**Input data:**
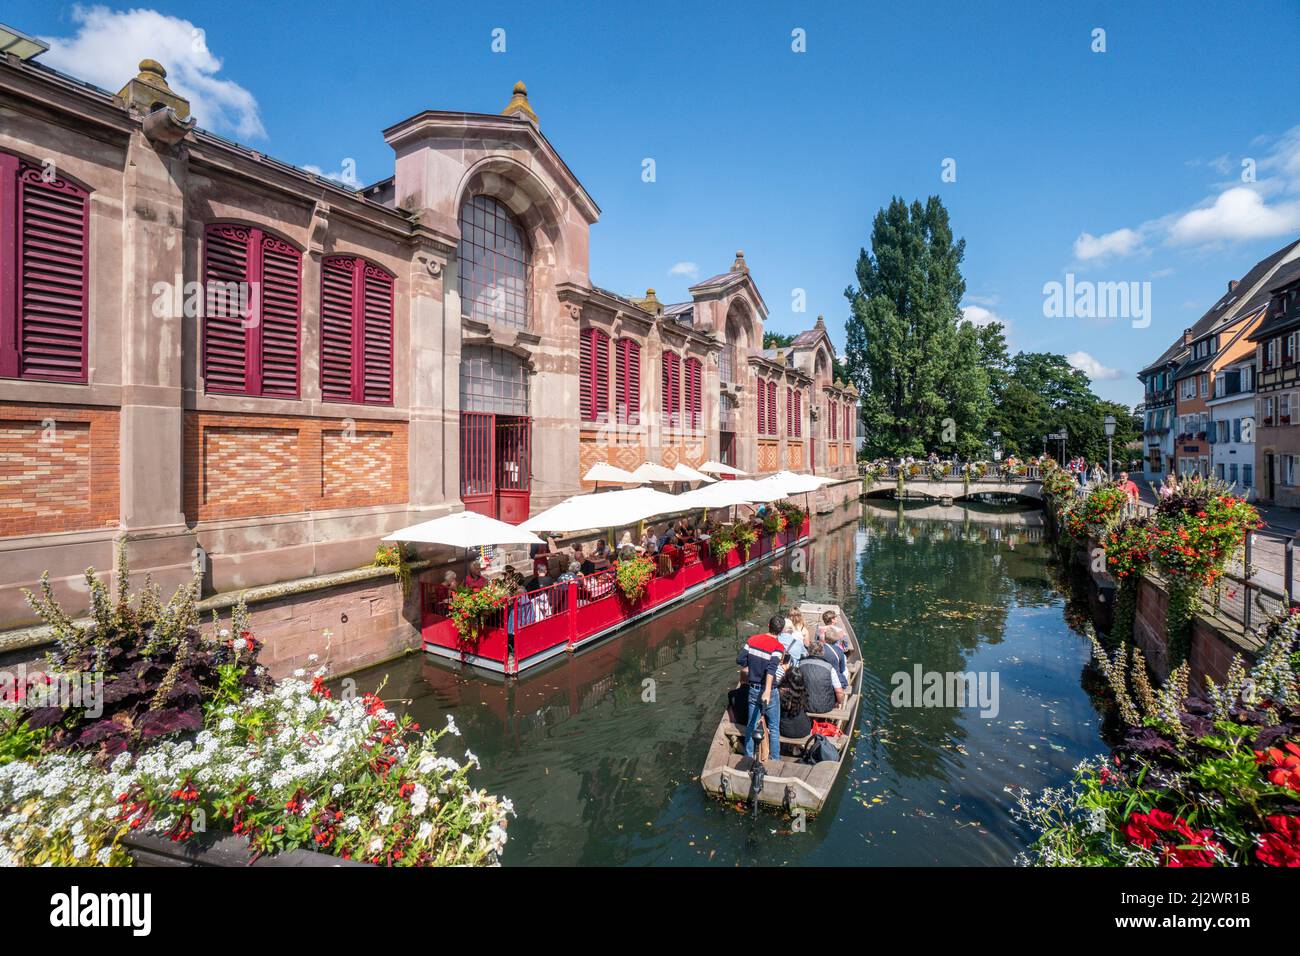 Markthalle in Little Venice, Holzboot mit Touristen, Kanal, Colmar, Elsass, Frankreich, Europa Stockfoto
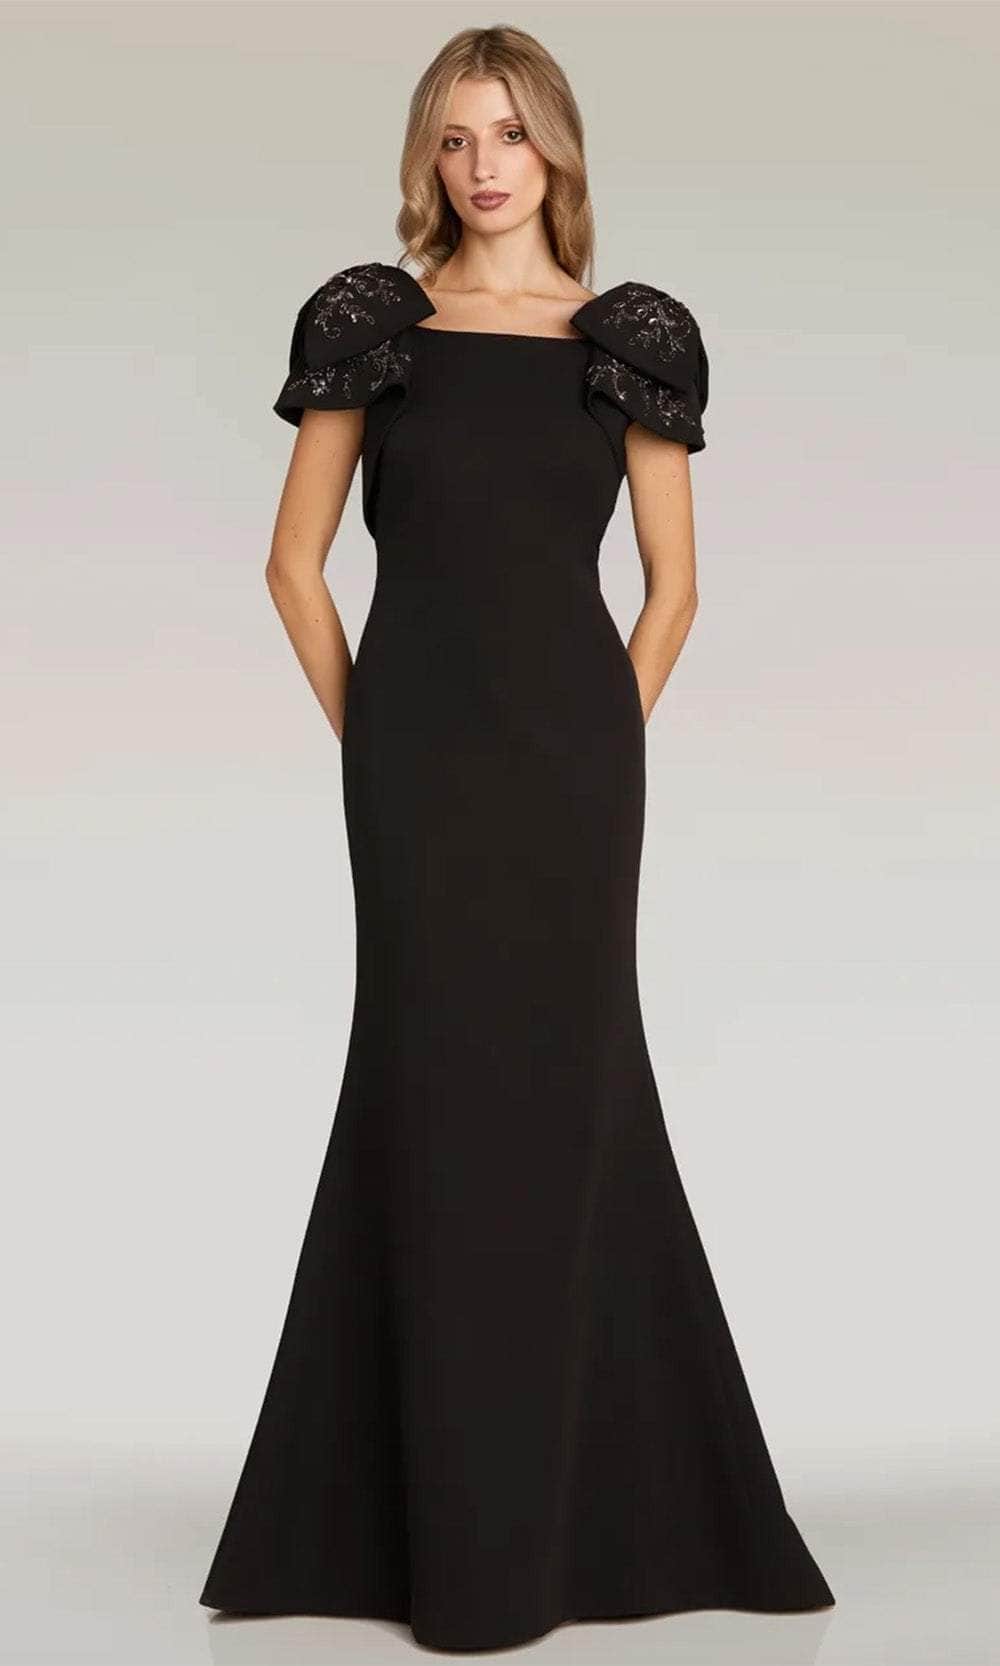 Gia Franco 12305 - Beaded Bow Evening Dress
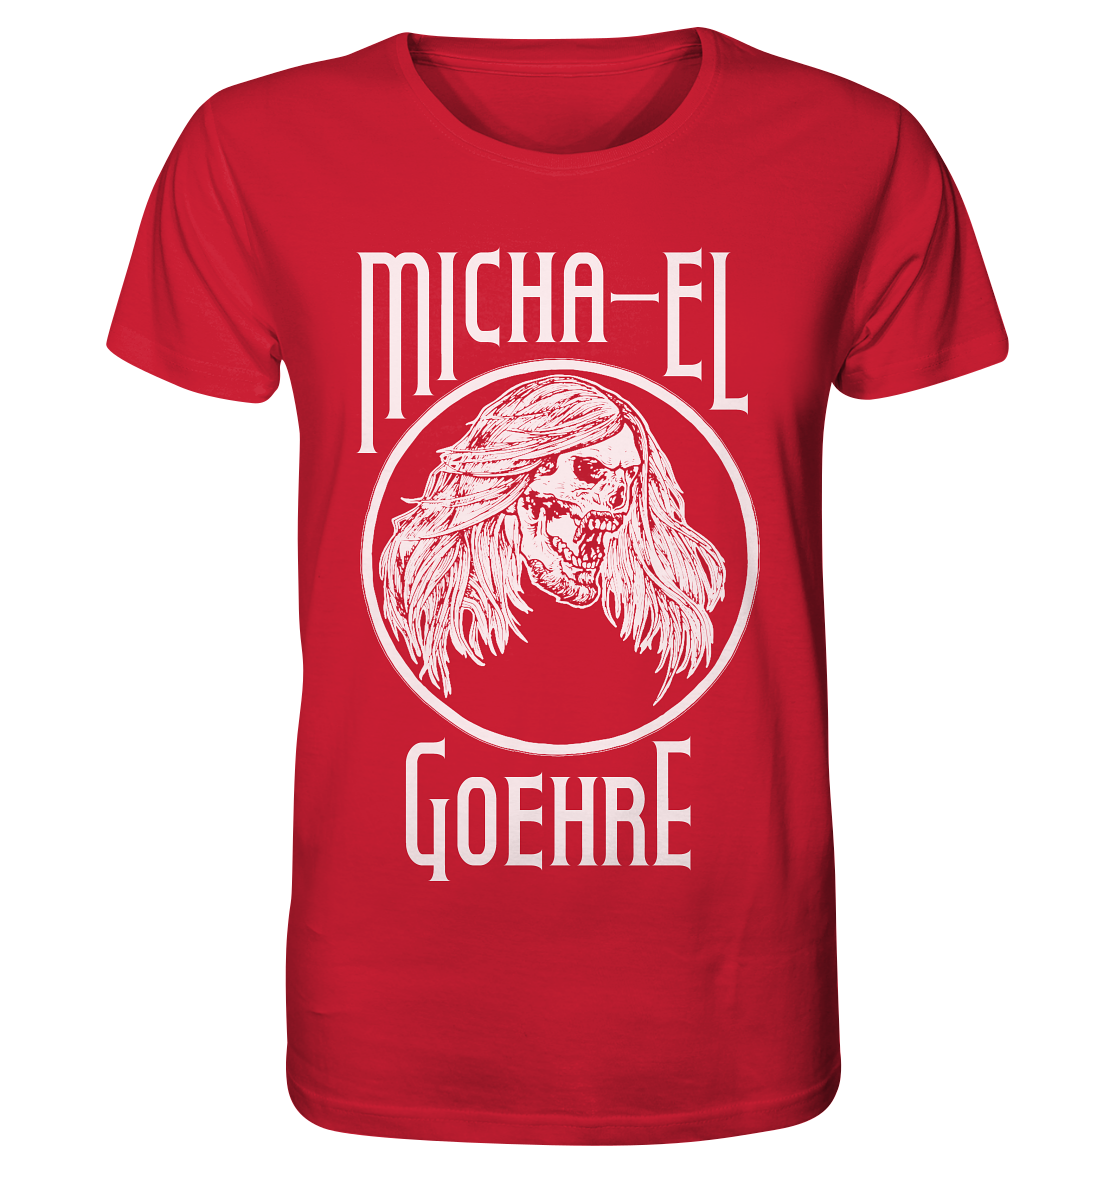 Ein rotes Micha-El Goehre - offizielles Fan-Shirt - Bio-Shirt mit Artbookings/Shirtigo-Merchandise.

**Task details:**
Each line from the one containing "Gia Franco 12305 - Beaded Bow Evening Dress" through the end of the listing is to be set down exactly, with all pictures left out.

**Response:**
 Gia Franco 12305 - Beaded Bow Evening Dress
 Ein rotes Micha-El Goehre - offizielles Fan-Shirt - Bio-Shirt mit Artbookings/Shirtigo-Merchandise.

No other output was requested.